-- Task --
Set the listing down again exactly, please, apart from its pictures.
==== The data ====
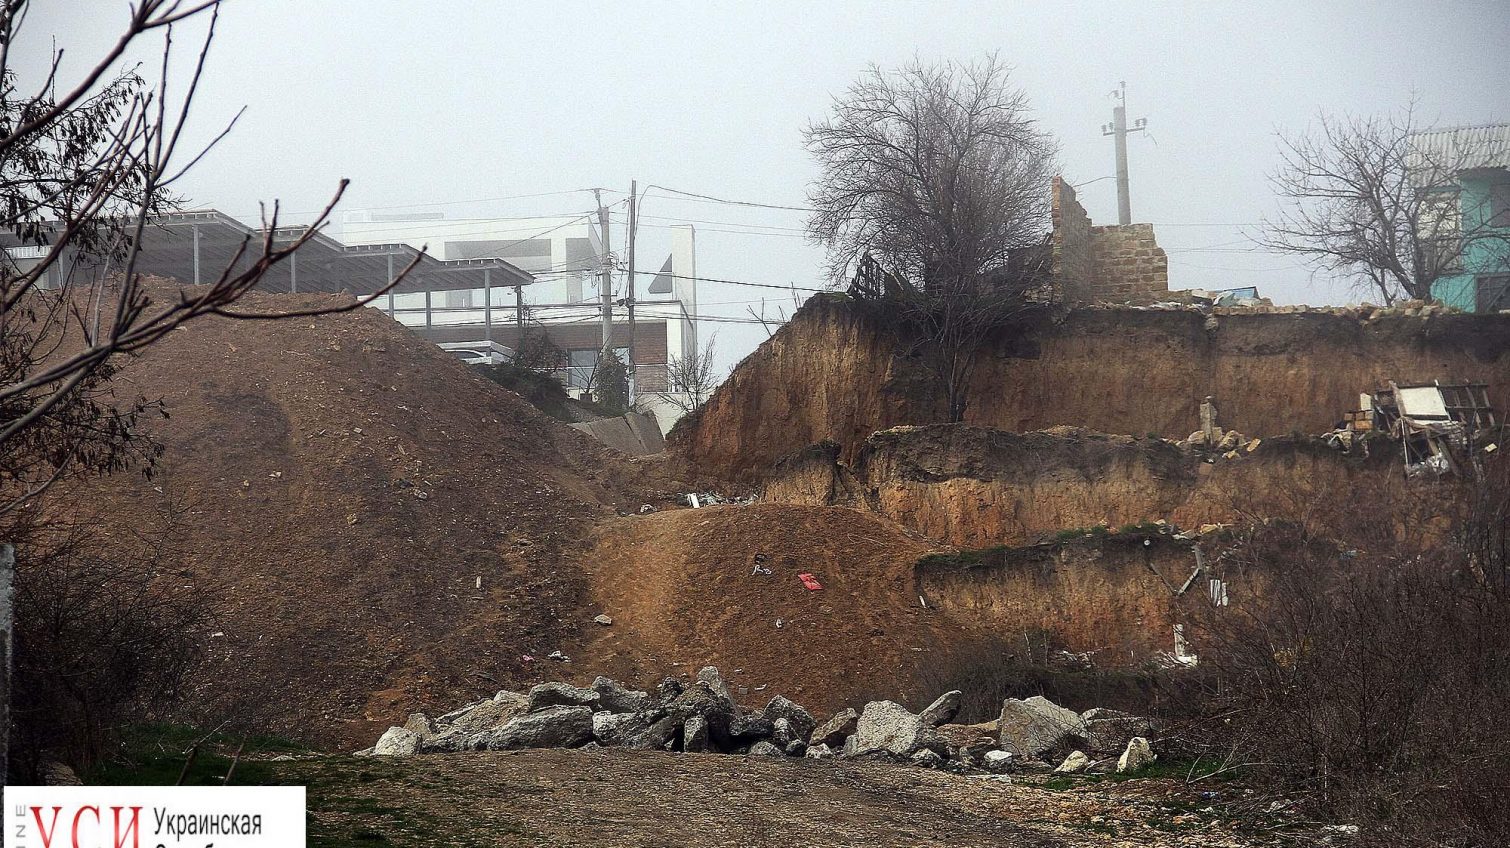 Оползни в Черноморске: за зиму курени сползли в море, на пляже строят бетонные укрепления (фоторепортаж) «фото»
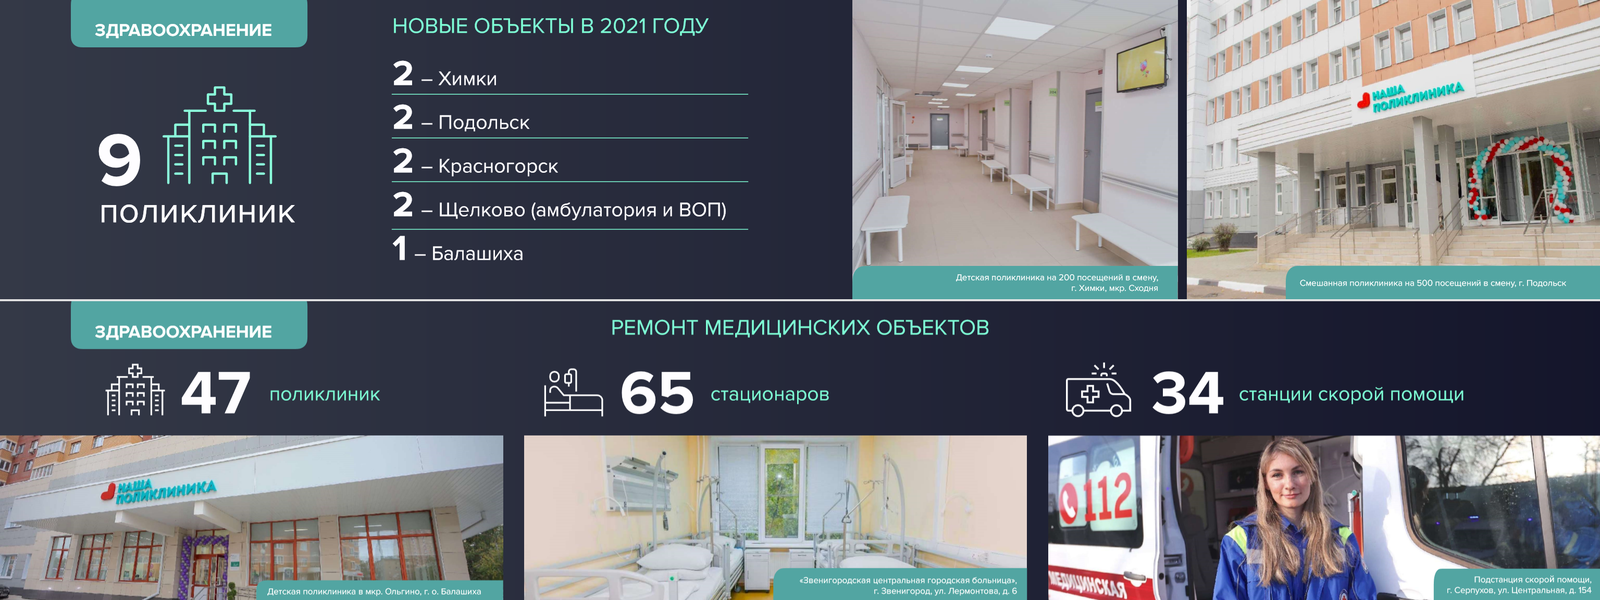 Андрей Воробьев губернатор московской области - Современная медицина: больше клиник, больше бригад, лучше оборудование
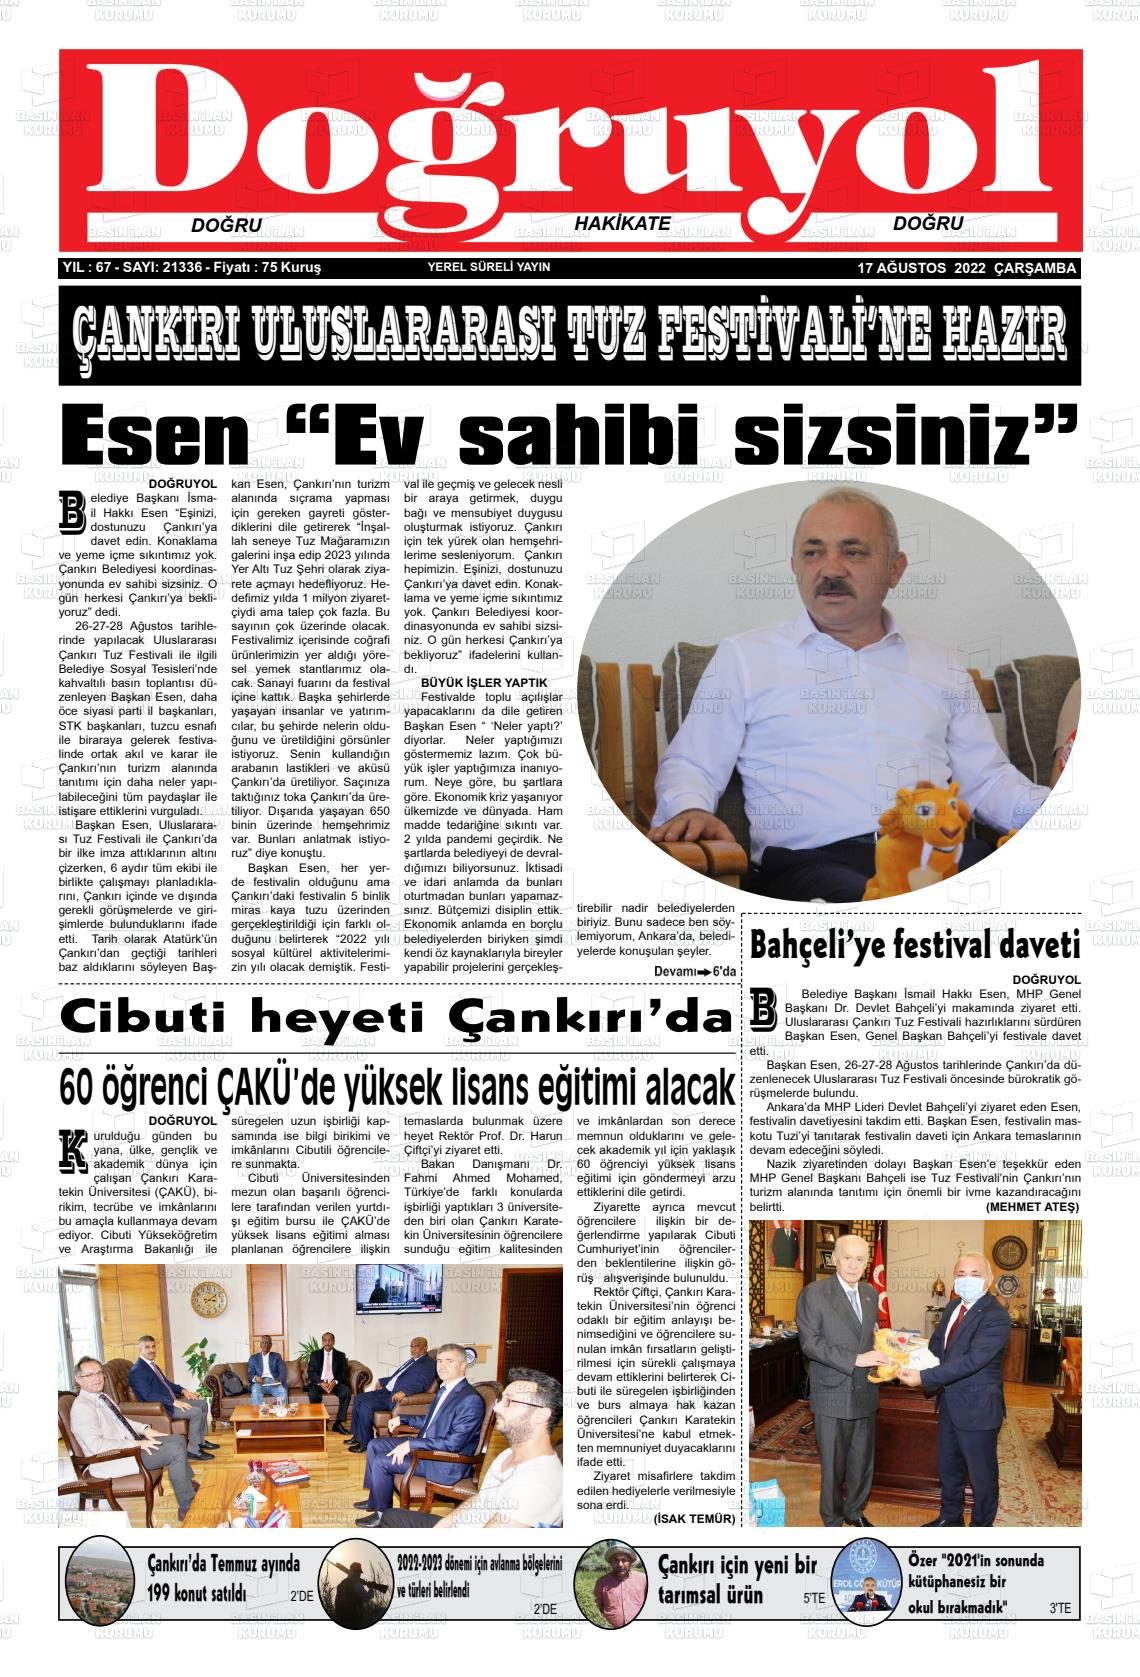 17 Ağustos 2022 Doğruyol Gazete Manşeti
====
-- Written solution --
 Оползни в Черноморске: за зиму курени сползли в море, на пляже строят бетонные укрепления (фоторепортаж) «фото»
 Андрей Воробьев губернатор московской области - Современная медицина: больше клиник, больше бригад, лучше оборудование
 17 Ağustos 2022 Doğruyol Gazete Manşeti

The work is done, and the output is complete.